I don't know if it's going to be a flashpoint for many people because it's a niche issue that most people don't care about as much as we do.

But wow is it resonating with me in interesting ways. It's raising a lot of questions for me about what it means to be a liberal white woman these days. One thing I keep thinking about is how there is this evergreen dynamic of women ripping each other apart to save men the trouble of oppressing us. It's one thing for the liberal Twitter mob to go after that woman in Central Park who called the cops on a black guy looking at birds -- she sucked and was doing something clearly terrible. She was ACTUALLY weaponizing white womens tears, in a blatant and disgusting way, to endanger the life of a black man. It's simple and clear cut.

But applying that same thinking to Dawn Dorland is horrifying to me. She wasn't calling the cops on a person of color. She wasn't actually doing anything to a person of color. Her crime, as far as I can tell, was contacting Larson to ask if she wanted to be removed from the private support group on Facebook. The decision by the Times Magazine piece, and by Larson, to frame this as "she was demanding to know why I didn't like her posts on Facebook" is hugely problematic because I've read the email and that's not what she says. She was worried she'd overstepped by adding Larson to the group (which she had!), was suddenly concerned about sharing private info with someone who maybe was not empathetic/sympathetic to her situation (prescient, as she should definitely not have been sharing that info with Larson), and was looking for a way to undo that mistake without passive aggressively removing Larson from the group. I mean, what was Dorland supposed to do in that situation? Should she have just unfriended Larson? Apparently that would have been better to some than reaching out and having a brief, simple convo about it. This was NOT a white woman weaponizing her feelings. This was a fairly thoughtful person recognizing a relationship didn't feel like it was matching up well and trying to resolve it in a mature way.
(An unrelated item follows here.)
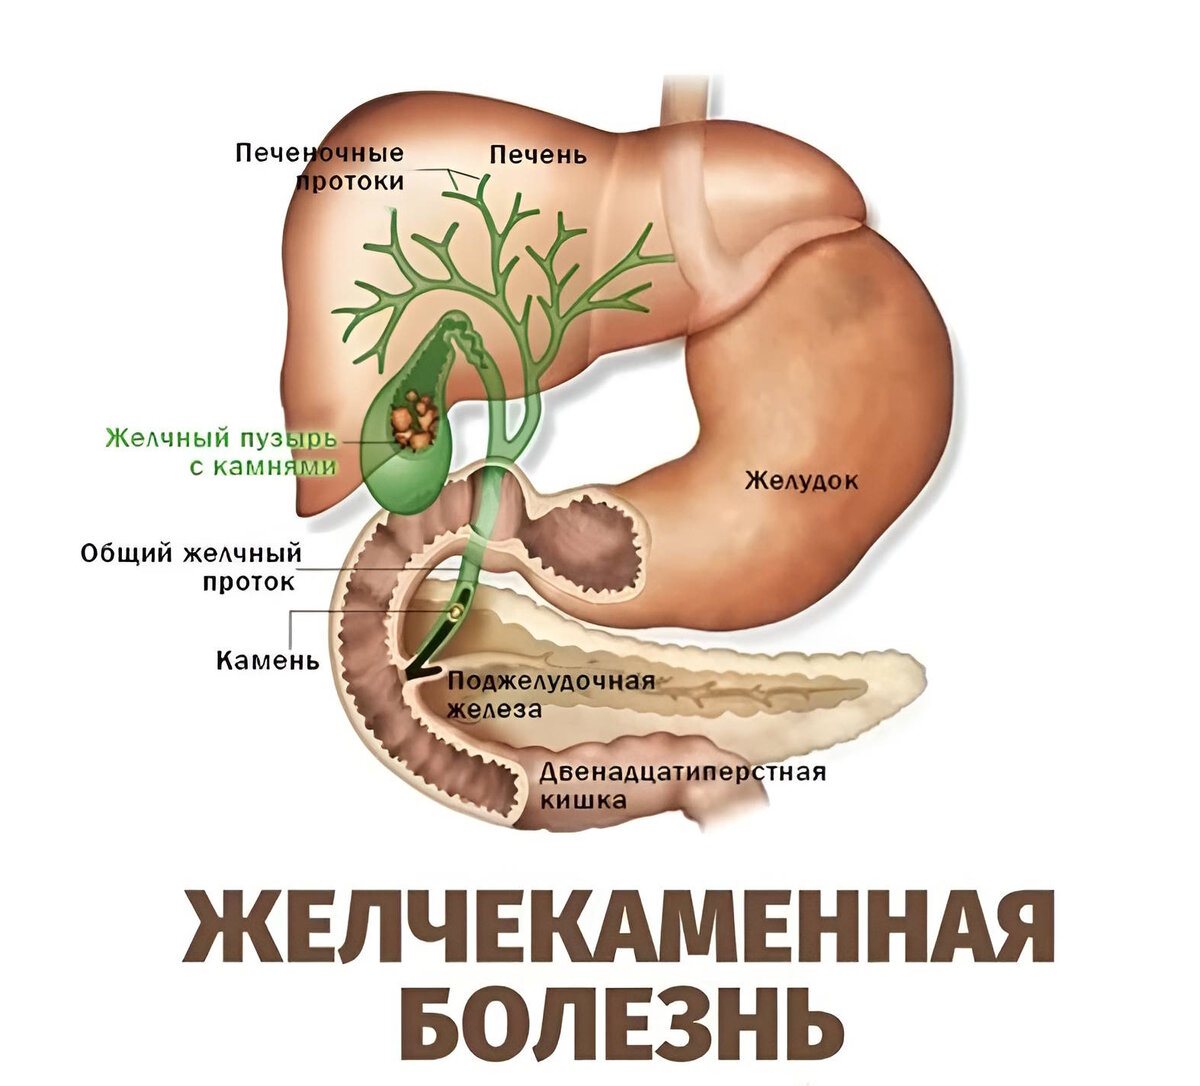 Болезни желчного пузыря у мужчин. Анатомия ЖКТ желчный пузырь. Желчный пузырь и желчные протоки анатомия. Камни поджелудочной железы ЖКБ. Желчекаменная болезнь анатомия.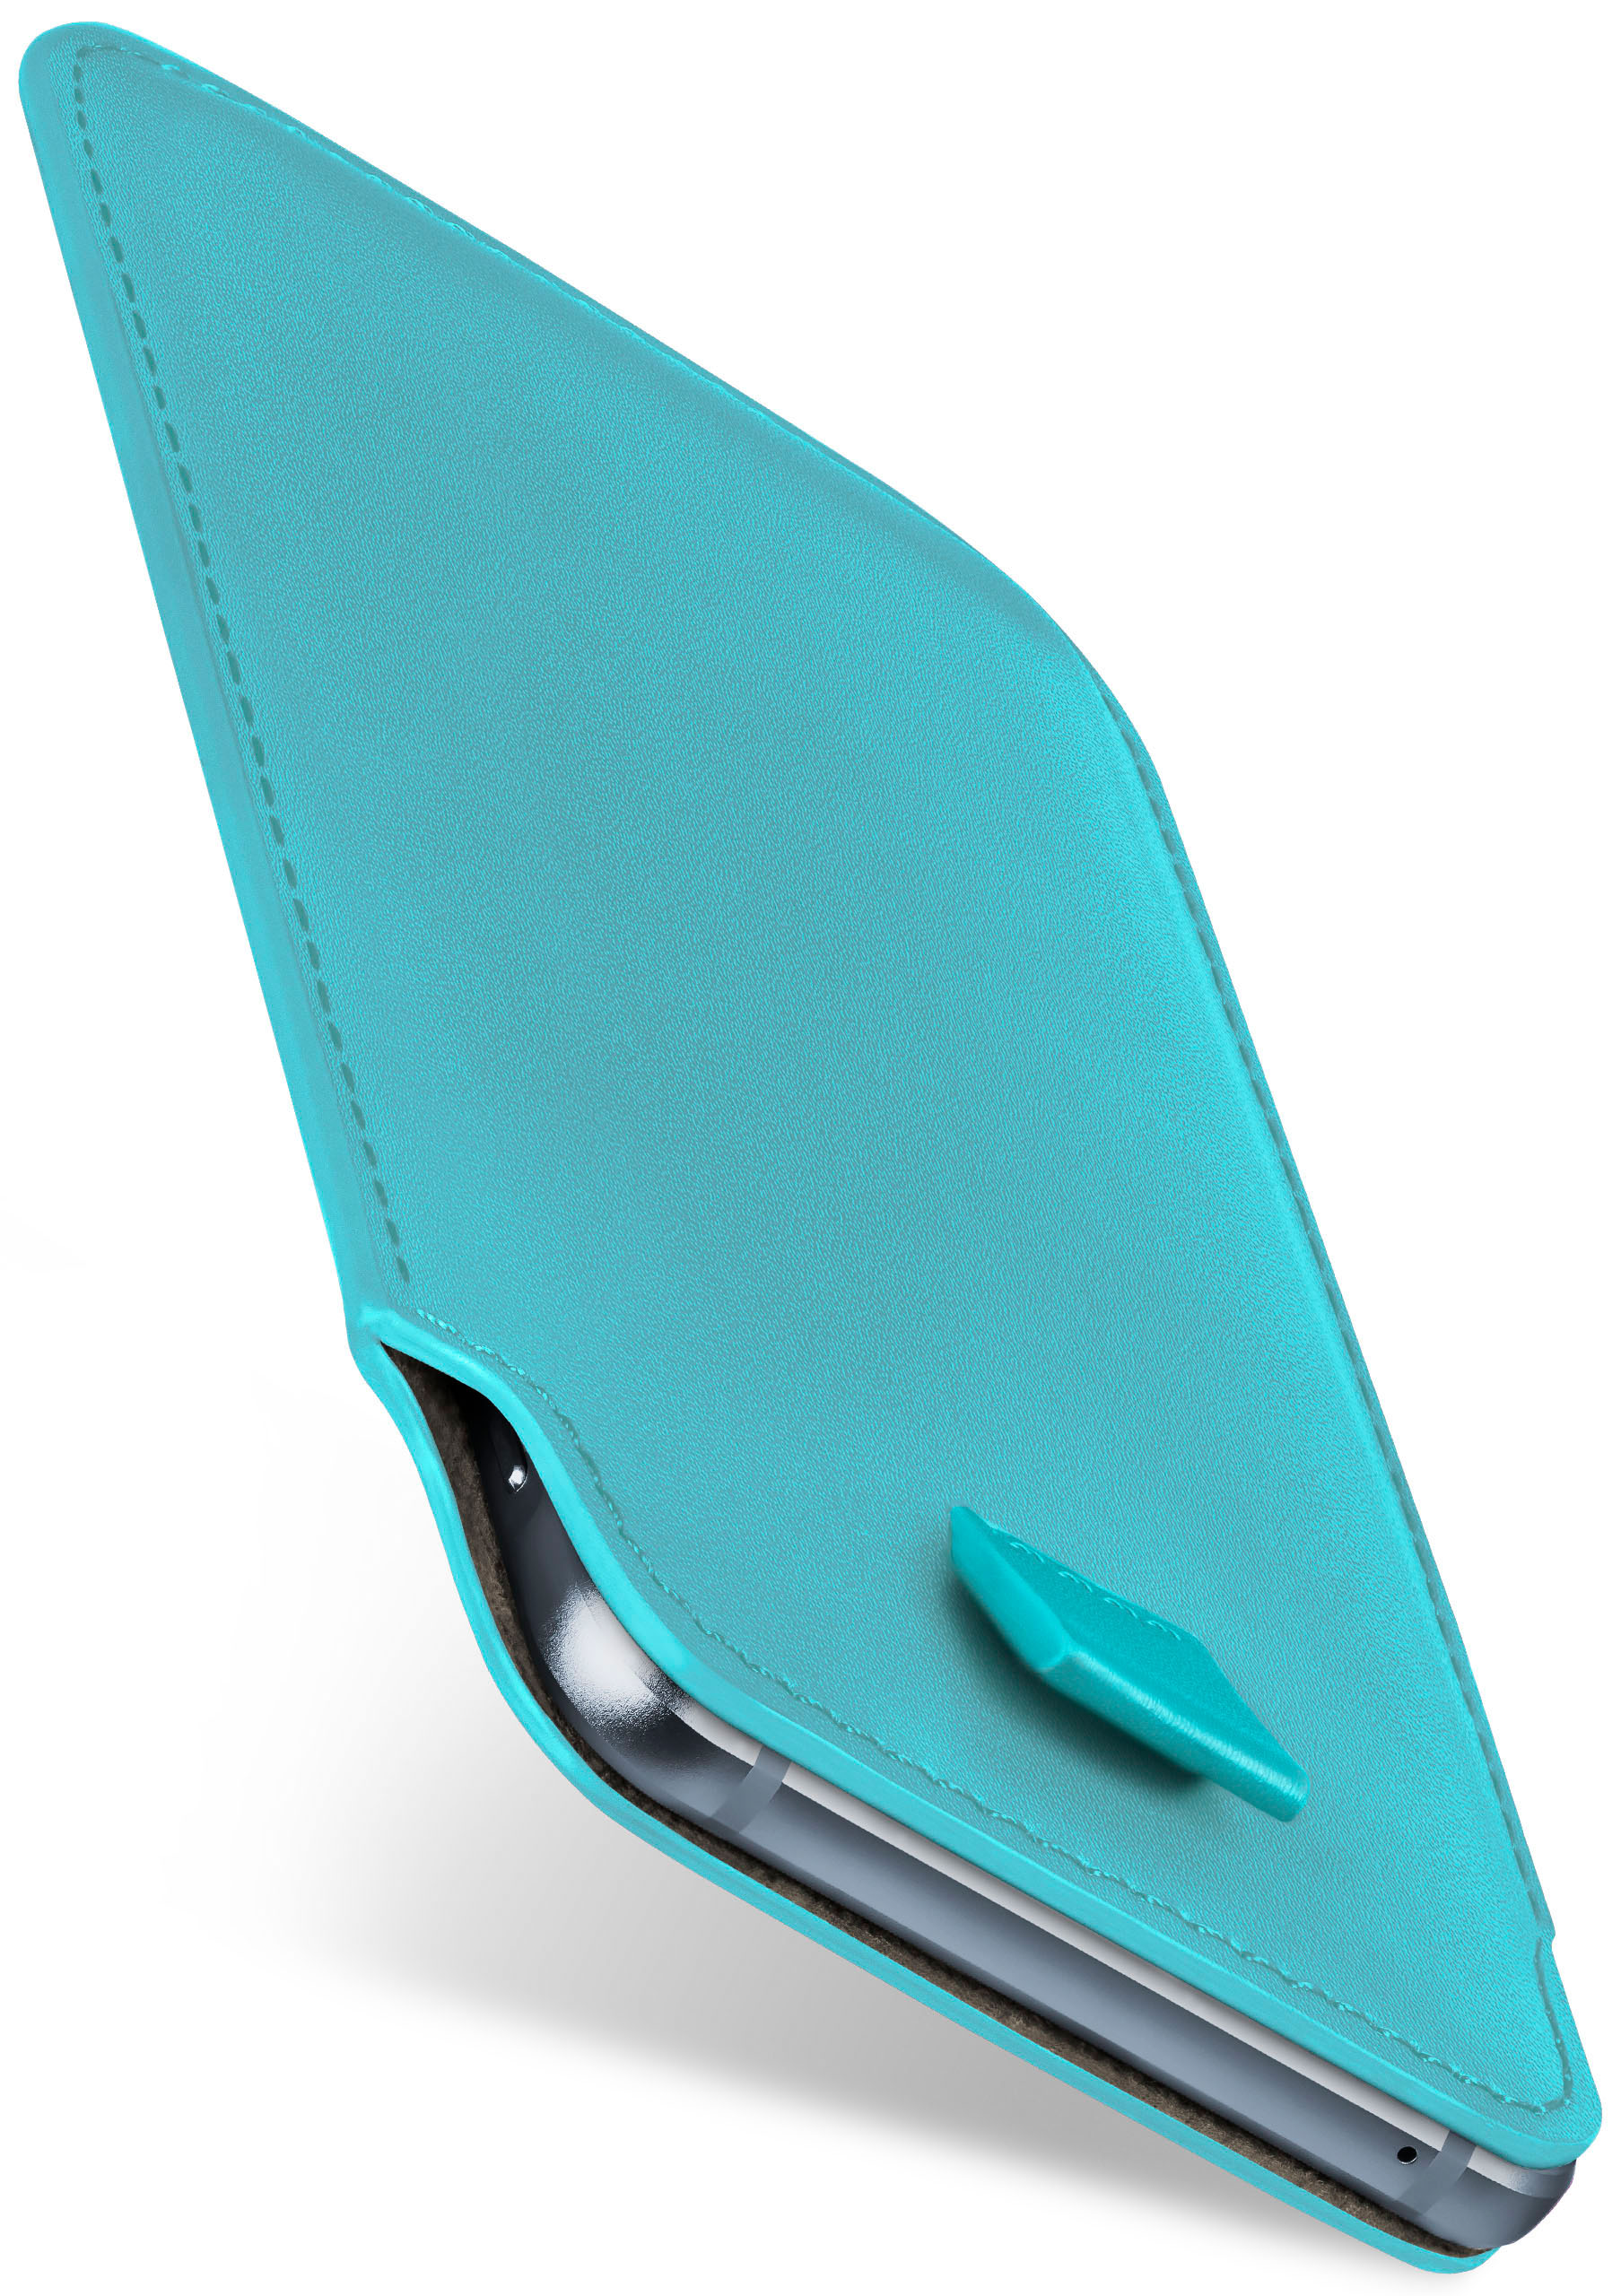 Aqua-Cyan HTC, MOEX U11, Full Case, Cover, Slide

To compare Dorland to the many examples in recent years of white women using their tears/feelings to endanger POC is horrifying to me. Larson was never in danger! Not even professionally, not event when Dorland kind of lost it and started contacting organizations about her. All she had to do was stop submitting/publishing the short story that plagiarized Dorland's letter. That's it! Just write another damn story, it's your literal job.

That's what I don't get. Dorland didn't do anything to Larson. She was trying to be a reasonable person. And Larson went nuclear anyway, lying and plagiarizing and lawyering up and trashing Dorland a dozen different ways. Was Dorland just supposed to... take it? Is that what it means to be a white ally these days? You accept abuse and ridicule from [it must be said: a white passing] woman of color because to stand up for yourself is racist?

Nope, that can't be the conclusion. Sorry. That's not going to work out for anyone. Not even Larson in the long run. Try again.


I think you make some good points. Acting like dawn is the equivalent of the Central Park dog woman does a disservice to all the people who’ve been harmed by Central Park dog woman type actions. And it gives fuel to the “not a racist bone in my body” crowd too. I do think the backlash suggests though that happily most people can easily make that distinction (if the nyt comments are anything to go by.) a toxic group of friends tried it on and by and large the “audience” said nope.